Jessie Keane was born in a bow-top caravan (Image: Steve Reigate/Daily Express)

“The blood flying, the betting, the pulled punches and the thrown contests, they stayed with me.” And they inspired her 12th novel, Fearless, which was published in 2018; an epic tale about a family of bare-knuckle fighting gypsies and their ambitious womenfolk.

“Gypsies are strong, resilient and tough as old boots. It’s an honour to be one of them,”

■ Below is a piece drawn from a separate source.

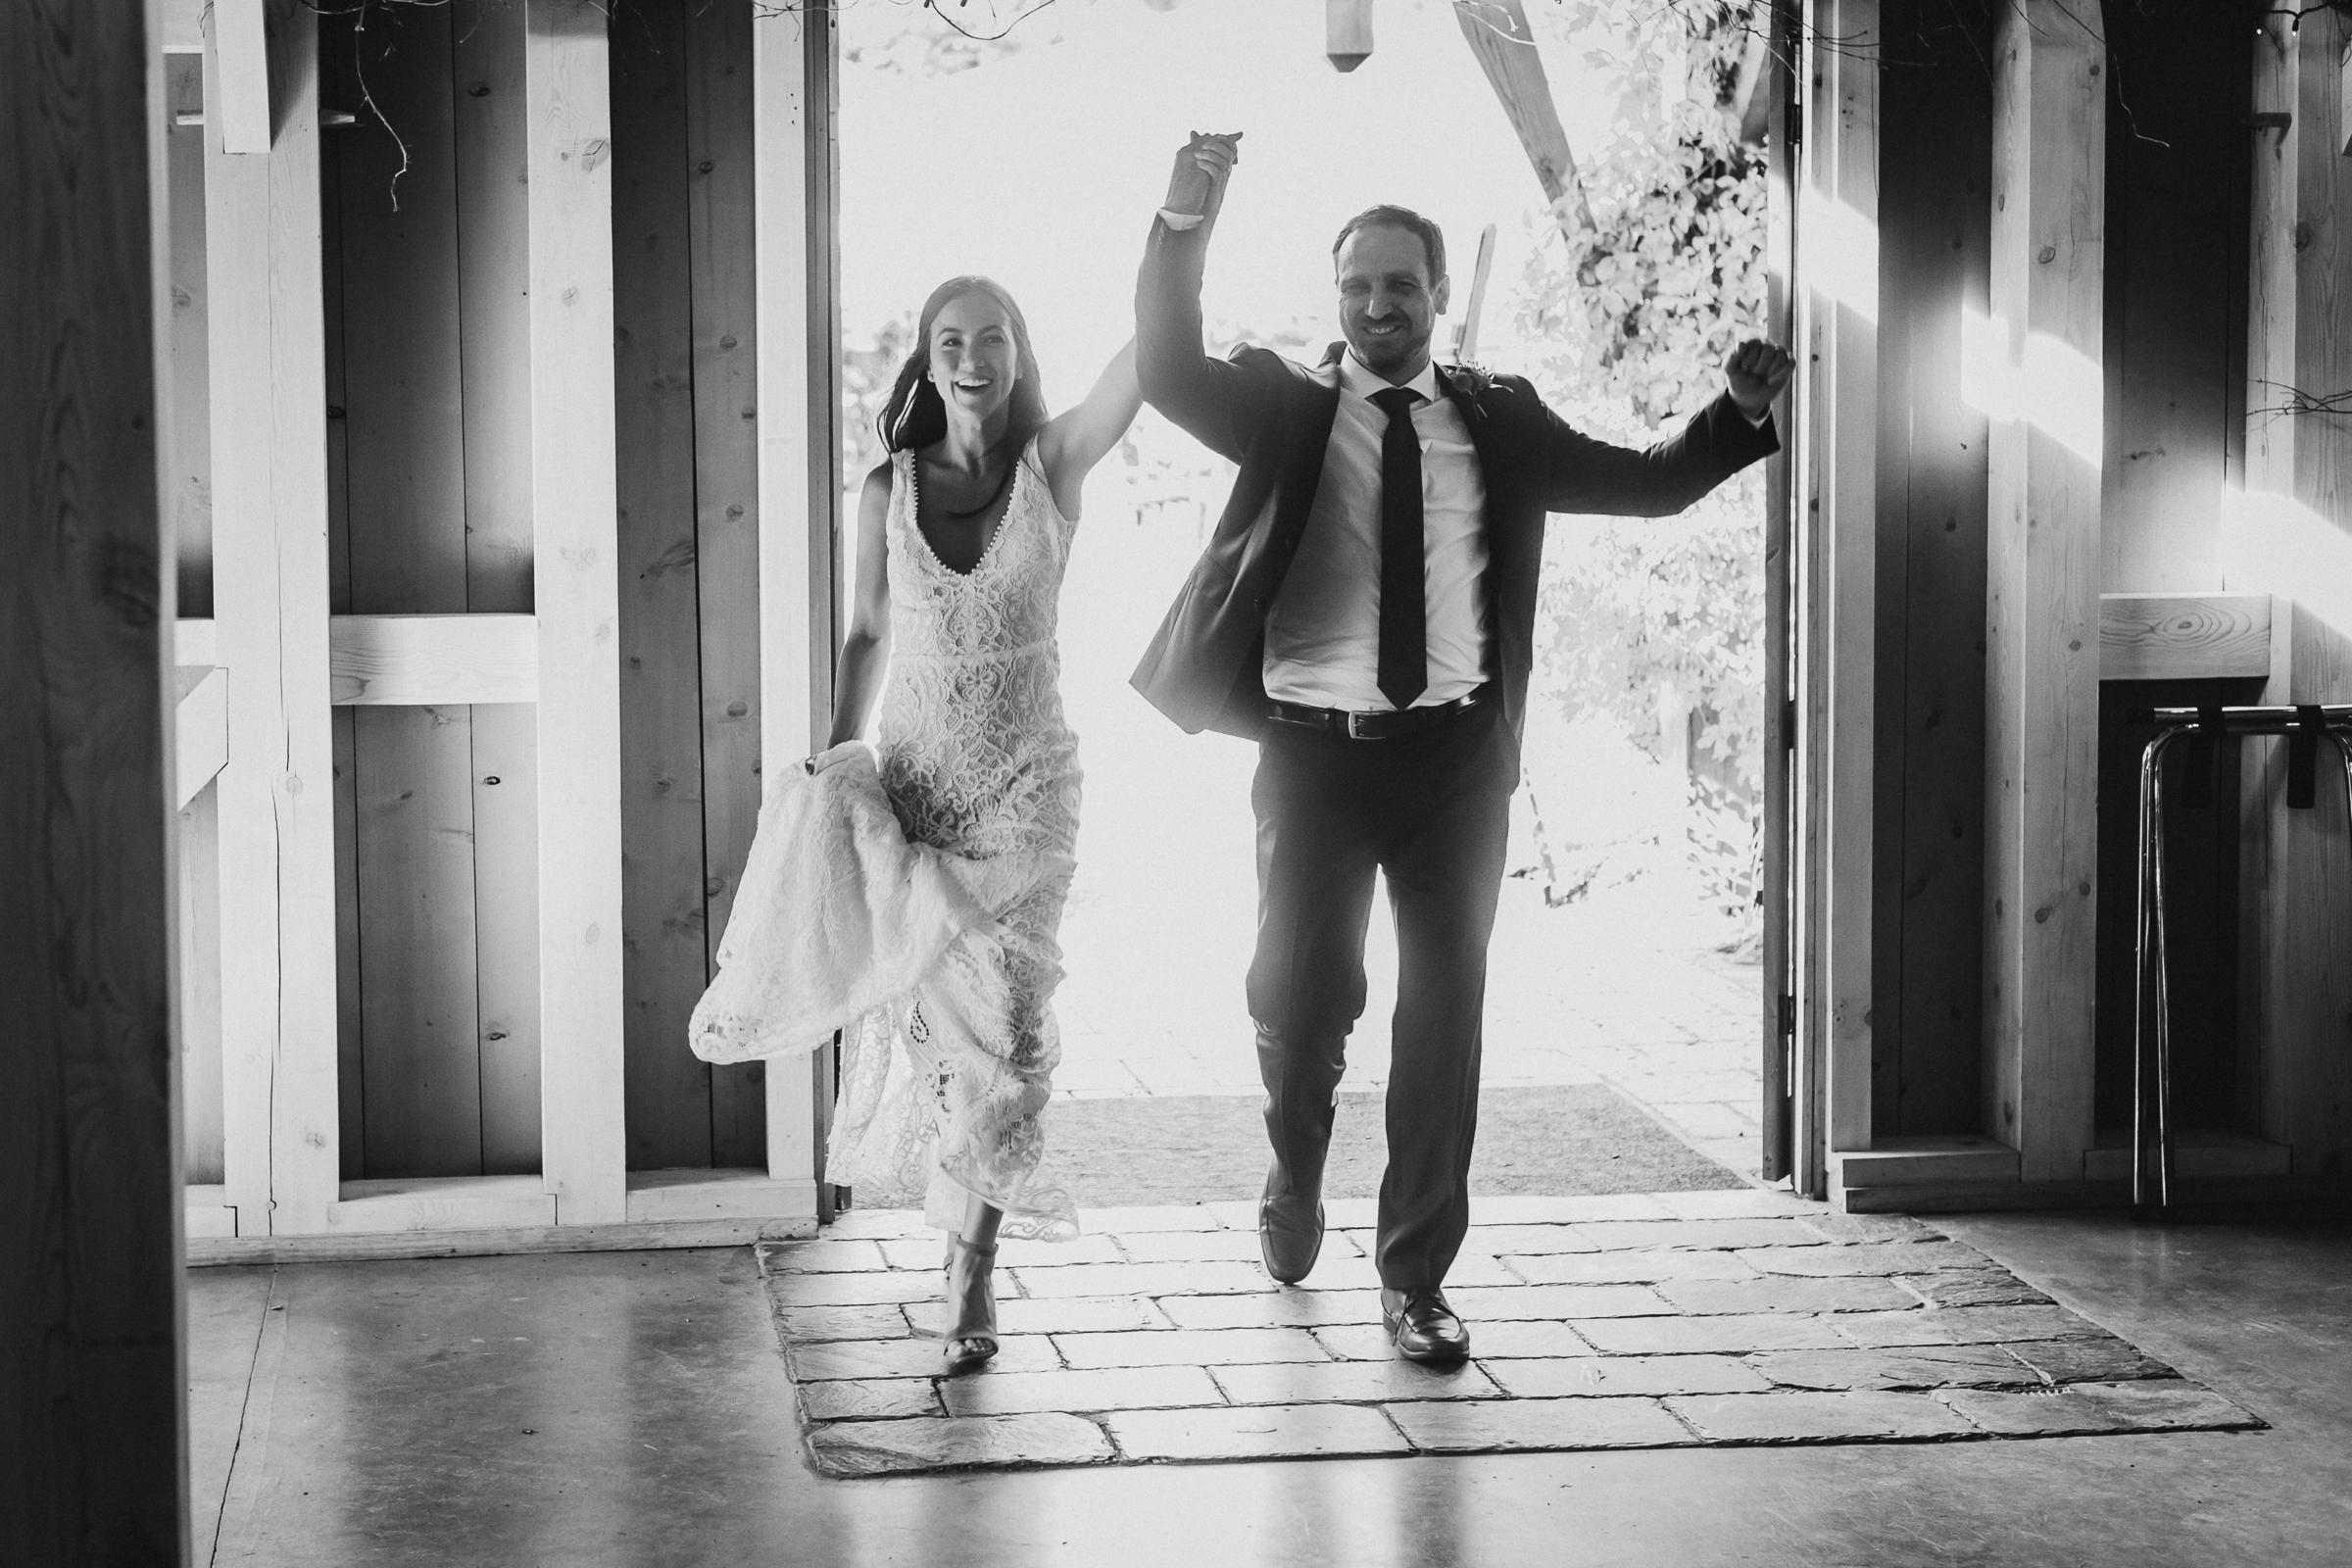 Marianmade-Farm-Wiscasset-Maine-Fine-Art-Documentary-Wedding-Photographer-Elvira-Kalviste-Photography-107.jpg
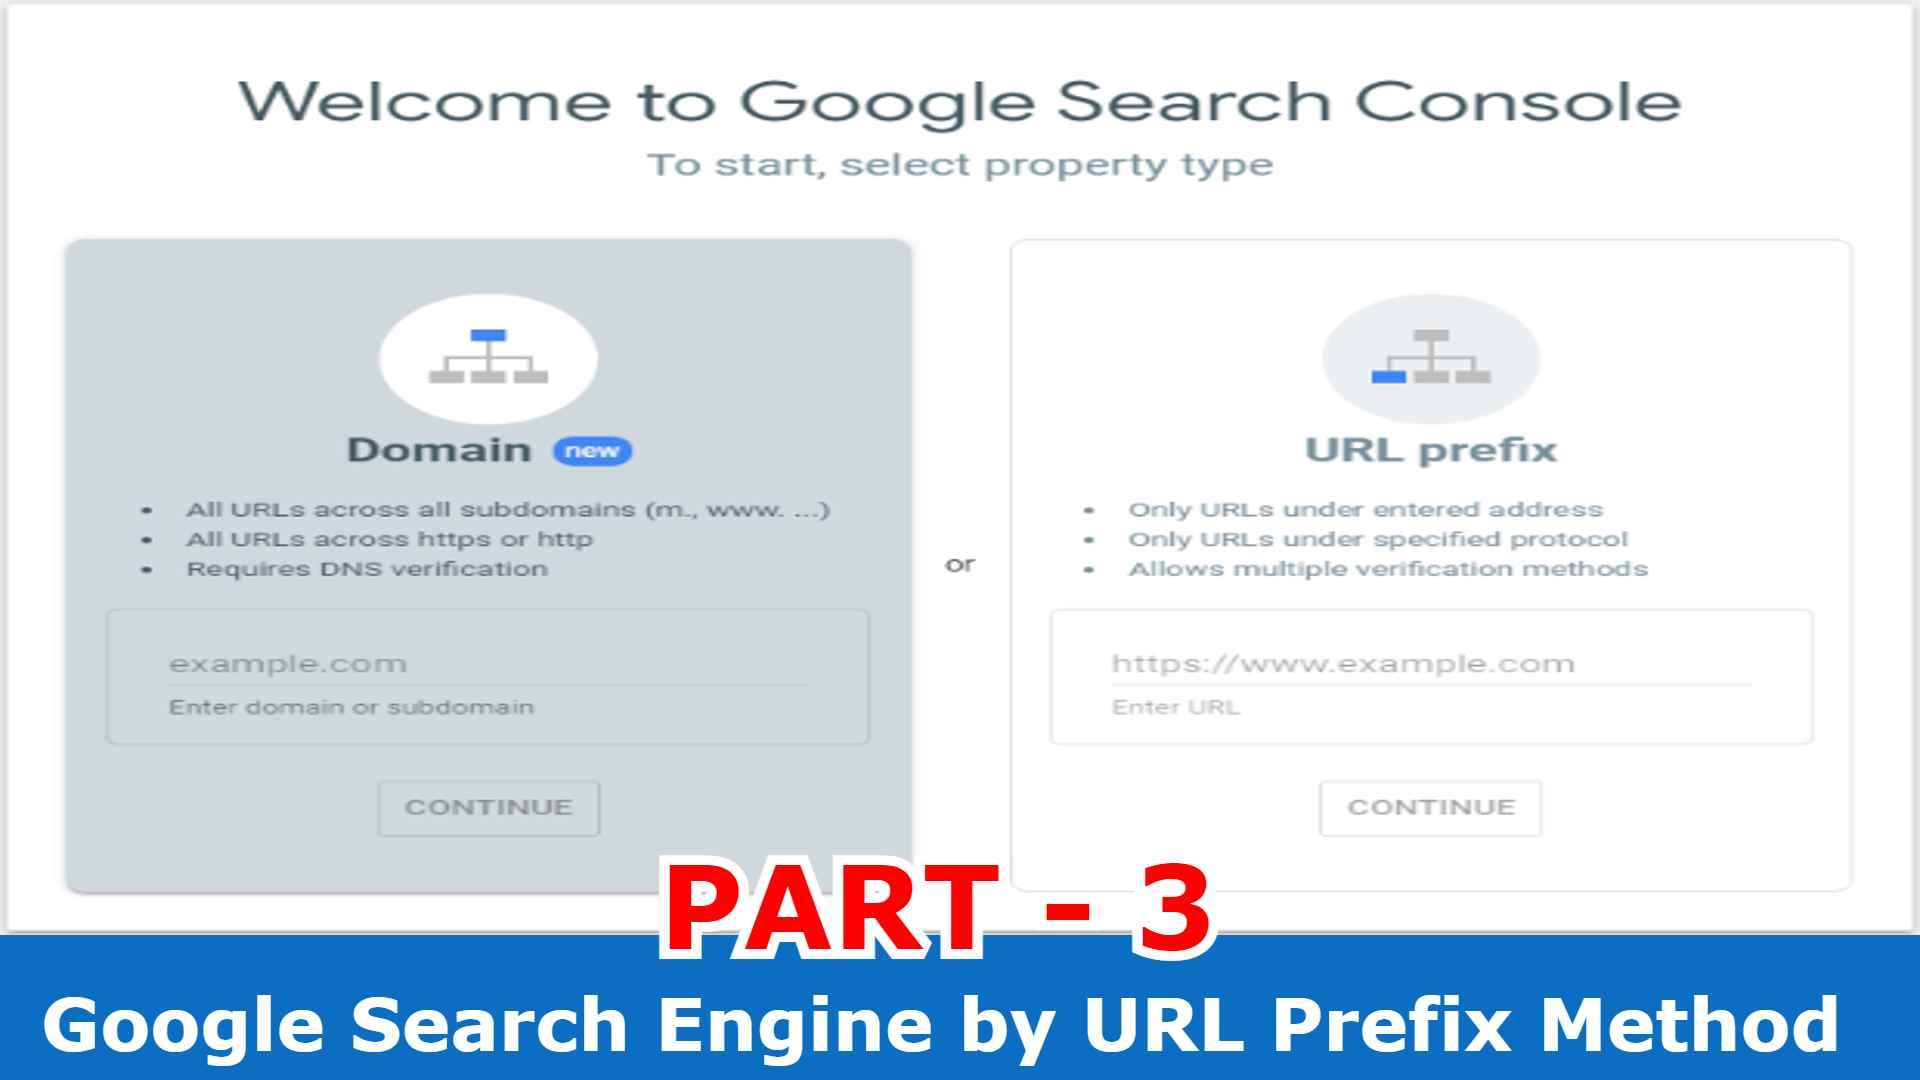 Google Search Engine by URL Prefix Method

Jessie says. Her latest novel features Diamond Dupree, the daughter of a gangland family, who flees London in the early 20th century en route to Paris where she becomes an artist’s muse, before the lure of her family draws her back into the underworld. But then she falls in love.

“My books are always very much a sea-tof-the-pants thing,” she says. “Some writer friends systematically plot everything from start to finish. I don’t do that.

“I just sit at the computer and I get a main character in my head who arrives from nowhere. Then I just feel my way forward. At about 40,000 words I realise I’ve hit on a new book. Until then I don’t have a clue.

“It’s almost like an out of body experience; a bit like a sportsman or composer who gets ‘into the zone’.

“My characters develop as I write, reacting to other characters they encounter. I can scarcely believe my books are on the bestseller list.

“You write one book then realise you’ve got to produce another good one, then another, but your belief in yourself starts to grow,” says Jessie, who confesses to relief once final edits are completed. Then, within two or three weeks, she’s itching to begin her next novel.

Jessie lives with her partner Cliff, who used to be a senior BT engineer. Her success bought them a “nice house” in the South Downs National Park with a swimming pool, but they have recently downsized.

“I write Monday to Friday which is good because I’m basically unemployable. I love being on my own. So I’ve achieved what I wanted and I can’t imagine stopping.

“My childhood gave me a richness that gave me something to write about, and I do draw on that a lot.”